Photo by Brett Jordan |
One of the key characteristic of microservices architecture is inter-service communication. We can split a monolithic application into multiple smaller applications called microservices. Each microservice is responsible for a single feature or domain and can be deployed, scaled, and maintained independently.
Since microservices are distributed in nature, various things can go wrong at any point of time. The network over which we access other services or services themselves can fail. There can be intermittent network connectivity errors or firewall issues. Individual services can fail due to service unavailability, coding issue, out of memory errors, deployment failure, hardware failure and etc., to make our services resilient to these failures, we adopt the retry pattern which is also known as stability pattern.
Retry Pattern
The idea behind the retry pattern is quite simple. If service A makes a call to service B and receives an unexpected response for a request, then service A will send the same request to service B again hoping to get an expected response.
Retry Pattern Representation |
There are several retry strategies that can be applied depending on the failure type or nature of the requirements.
Immediate Retry
This strategy is the basic one. In this approach, calling service handles the unexpected failure and immediately makes the request again. This strategy can be useful for unusual failures that occur intermittently. The chances of success are high by just retrying in these cases.
Retry After Delay
In this strategy, we introduce a delay before retrying service call again, hoping that the cause of the fault would have been rectified.

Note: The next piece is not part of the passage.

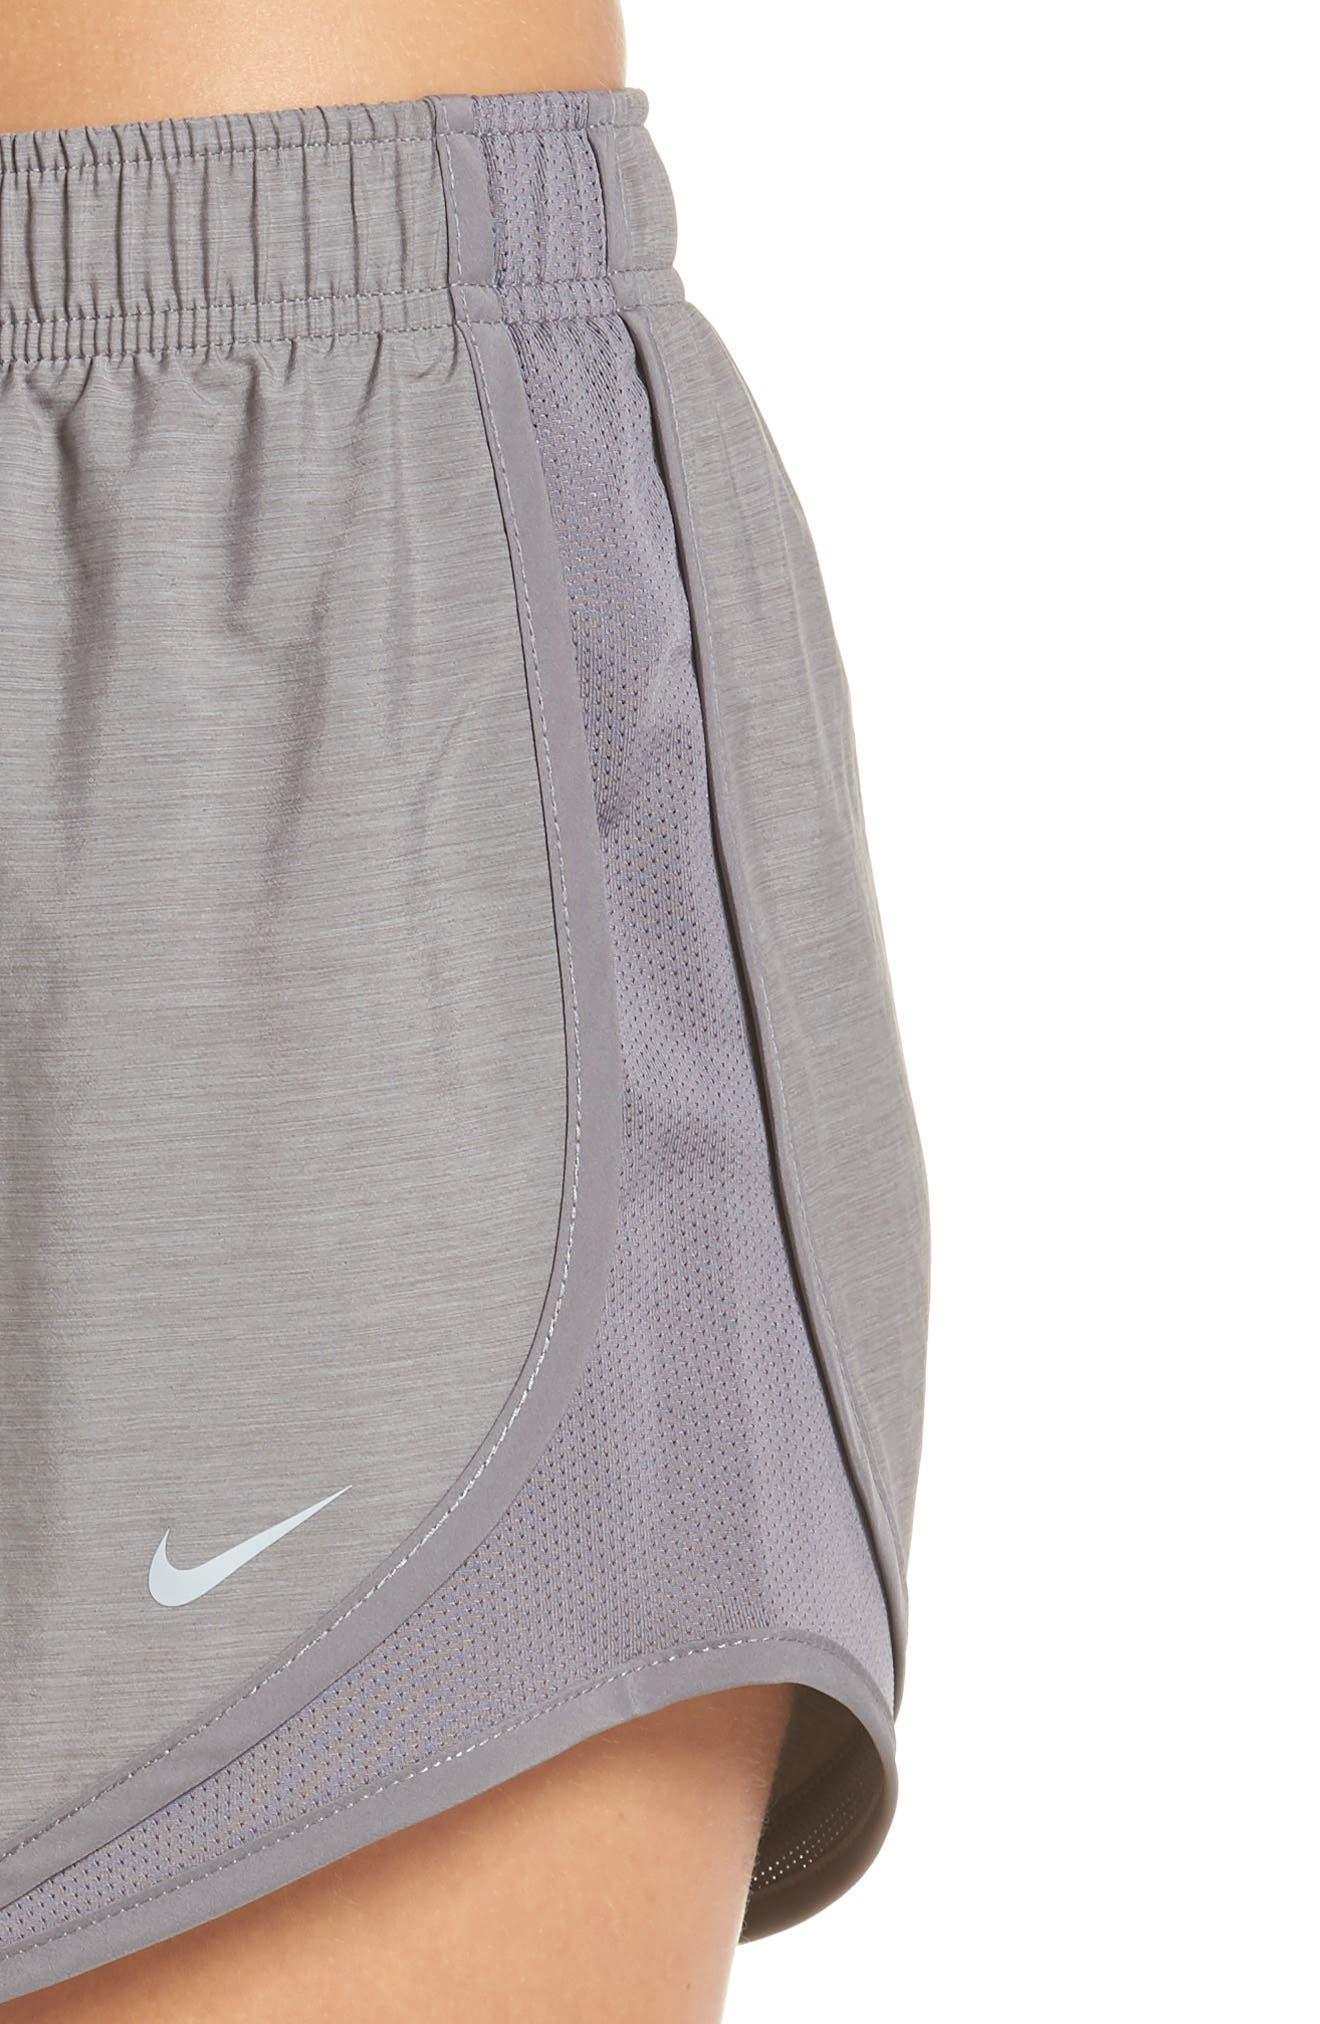 Dry Tempo Running Shorts,                             Alternate thumbnail 4, color,                             GUNSMOKE/ WOLF GREY

Retry after delay is an appropriate strategy when a request timeout occurs due to busy or failures or network-related issue.
Sliding Retry
In this strategy, the service will continue to retry the service call by adding an incremental time delays on each subsequent attempts. For example, the first retry may wait 500 MS, the second will wait 1000 MS, the third will wait 1500 MS until the retry count has not been exceeded. By adding an increasing delay, we reduce the number of retries to the service and avoid adding any additional load to a service which is already overloaded.
Retry with Exponential Backoff
In this strategy, we take the Sliding Retry strategy and ramp up the retry delay exponentially. If we started with a 500 MS delay, we would retry again after 1500 MS, then 3000 MS. Here we are trying to give the service more time to recover before we try to invoke it again.
Abort Retry
As we understand, we can't have a retry process happening forever. We need to have a threshold on the maximum number of retry attempts, we try for a failed service call. We need to maintain the counter and when it reaches the threshold value, our best strategy is to abort the retry process and let the error propagate to the calling service.
Conclusion
The retry pattern allows the calling service to retry failed attempts with a hope that the service will respond within an acceptable time.
With the varying interval between retries we provide the dependent service more time to recover and respond for our request.
It is recommend that, we need to keep a track of failed operations as it will be very useful information to find recurring errors and also the required infrastructure like thread pool, thread strategy etc.
At some point, we just need to abort the retry and we must acknowledge that the service is not responding and notify the calling service with an error.